Un processus permettant à l’artiste d’associer d’autres personnalités à l’élaboration de son travail, proposant une réflexion sur l’œuvre elle-même afin de mettre en valeur l’idée qu’elle ne se construit jamais de façon isolée : “c’est une méthode qui permet de créer des mutations dans le travail en permanence, de faire muter des formes. Elles mutent, elles ne sont pas transformées. Je peux auto-citer mon travail et ça ne s’assèche pas, parce qu’il y a toujours un apport de l’autre.”
Paroles a donné lieu à un ouvrage regroupant 191 textes écrits par plus de 100 auteurs au court des 15 dernières années, publié à l’occasion de l’exposition éponyme du Wiels à Bruxelles en 2018.
Nous présenterons pour cette exposition les Paroles de Tacita Dean, André Magnin, Jonathan Monk, Emilie Pitoiset, Michael Riedel, Anri Sala et Sarah Ancelle Schönfeld, interprétées par des musiciens ou chanteurs lors de trois concerts qui se dérouleront durant le cours de l’exposition.

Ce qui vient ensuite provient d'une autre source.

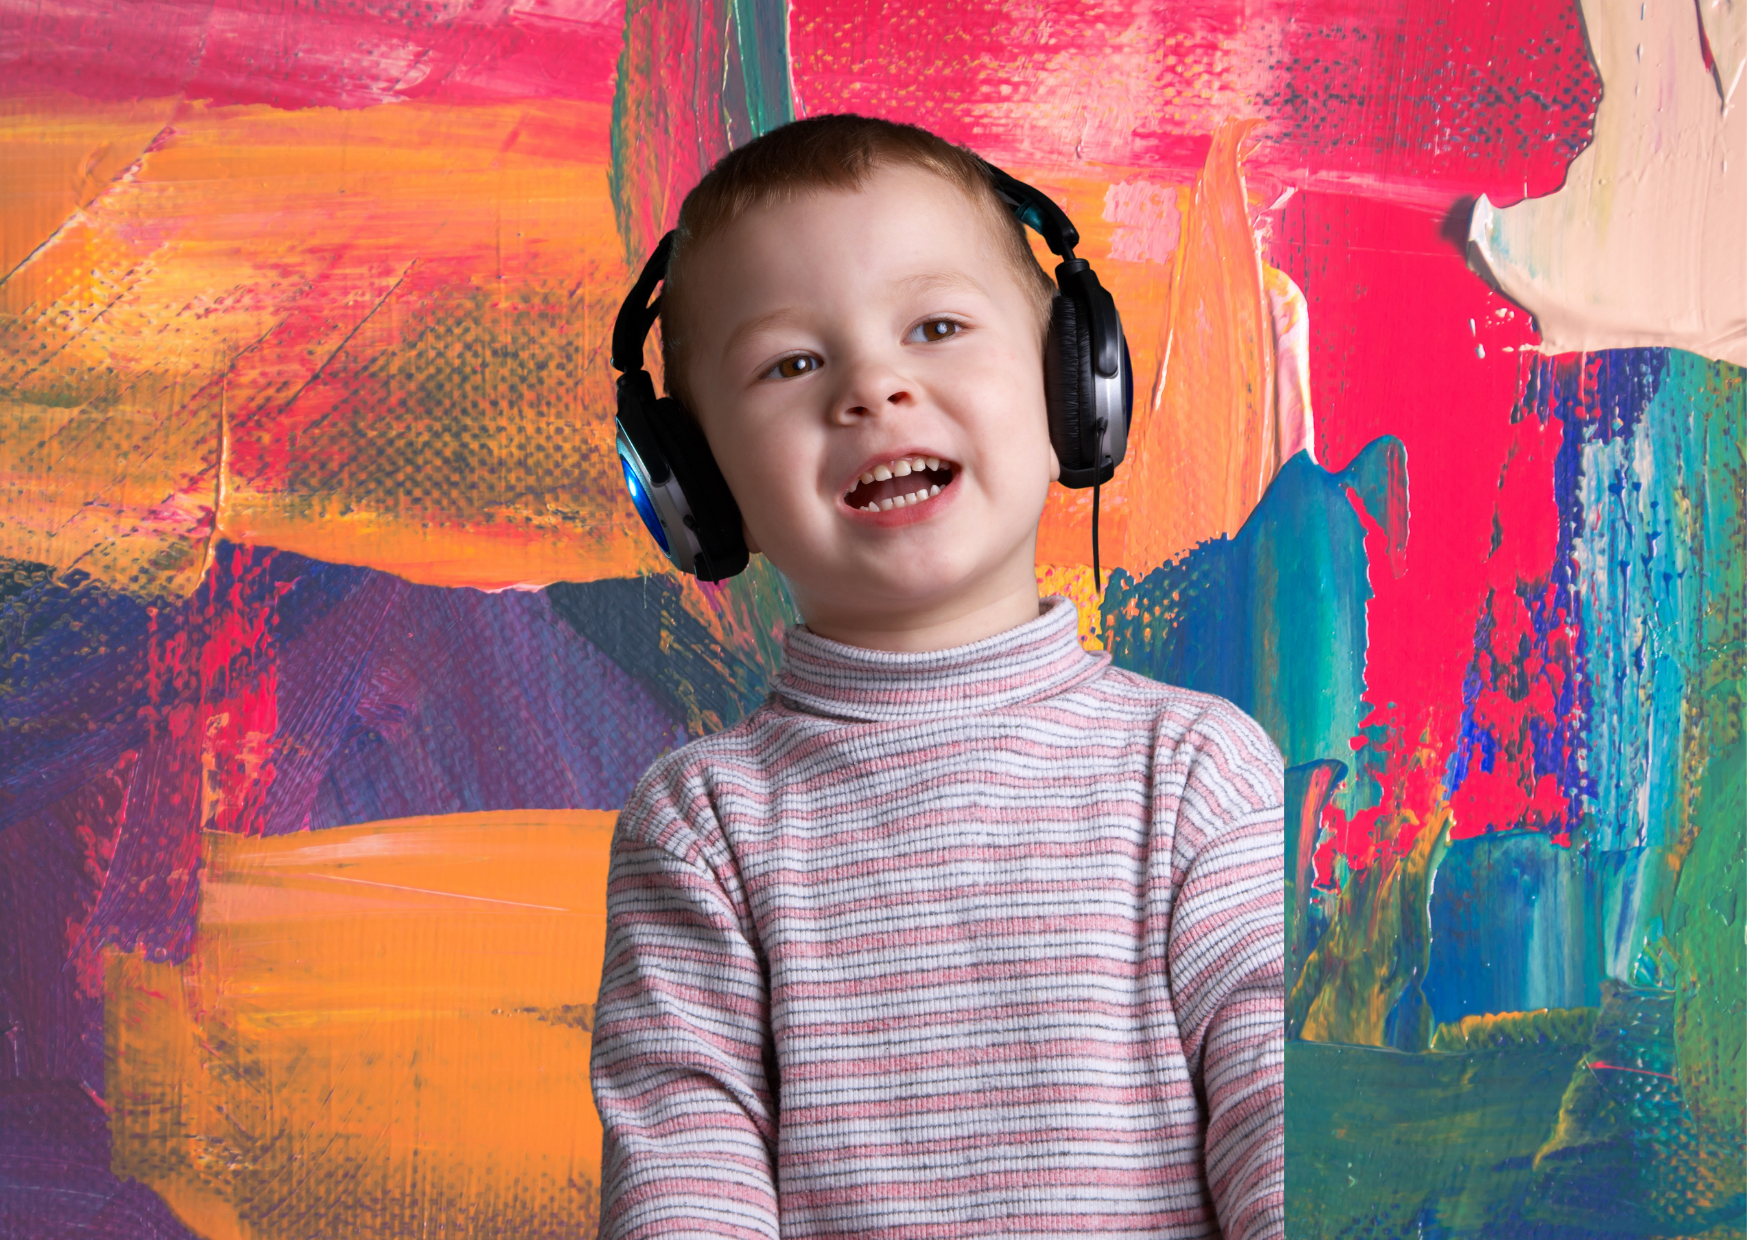 TEA e perda auditiva: existe relação entre surdez e espectro autista?
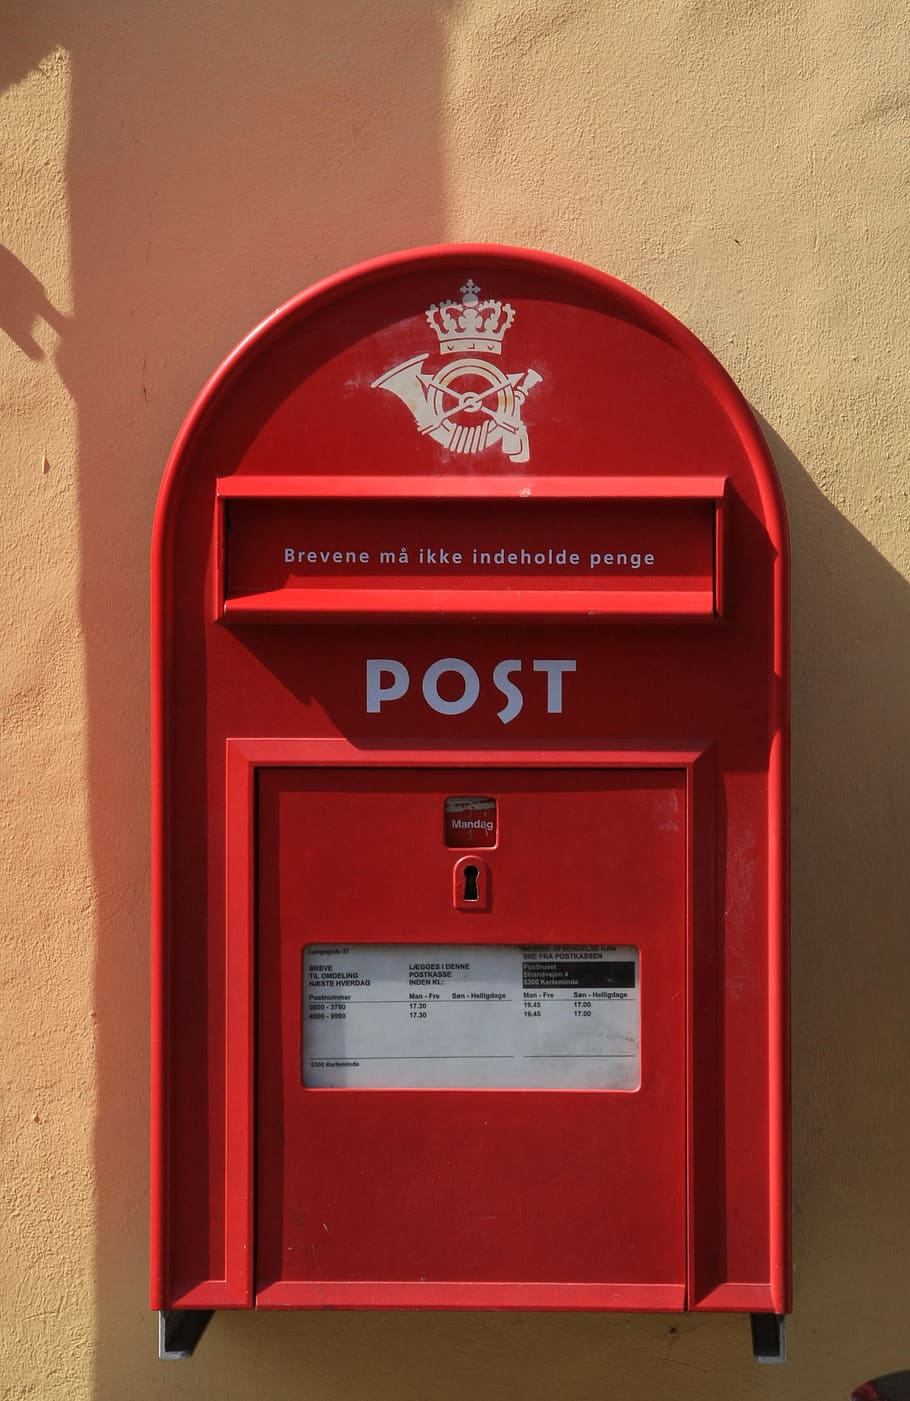 郵便ポスト, メール, メールボックス, ポスト, ボックス, 赤, 手紙, レターボックス, 郵便, コミュニケーション

Les œuvres de Marclay et Afif ont pour point commun de ne pas se laisser enfermer en un seul objet ou une seule forme, laissant place à une oralité et une musicalité qu’elles peuvent évoquer où à laquelle elles se destinent.
Ephemera et Paroles explorent l’interprétation découlant des rencontres avec une œuvre, rappelant la citation de Marcel Duchamp: « c’est le regardeur qui fait l’œuvre ».
Alors que Paroles est une œuvre résultant de commandes auprès de différents auteurs, cette nouvelle exposition la présente sous une nouvelle dimension : celle-ci devient matière et prétexte à une nouvelle interprétation d’Ephemera.
C’est cette liberté inhérente aux processus de création de Marclay et d’Afif à laquelle nous souhaitons rendre hommage à travers cette exposition et l’organisation de trois concerts exceptionnels, interrogeant par là-même les rapports que la musique entretient avec les arts plastiques.
Trois concerts se dérouleront durant le cours de l’exposition :
— Le jour du vernissage, samedi 9 février, de 19h30 à 20h, avec la soprano Eléonore Lemaire accompagnée du percussioniste Richard Dubelski;
— Le vendredi 22 février, de 19h30 à 20h;
— Le dernier jour de l’exposition, le samedi 23 mars de 19h30 à 20h, avec l’artiste Emilie Pitoiset accompagnée du musicien Shantidas Riedacker.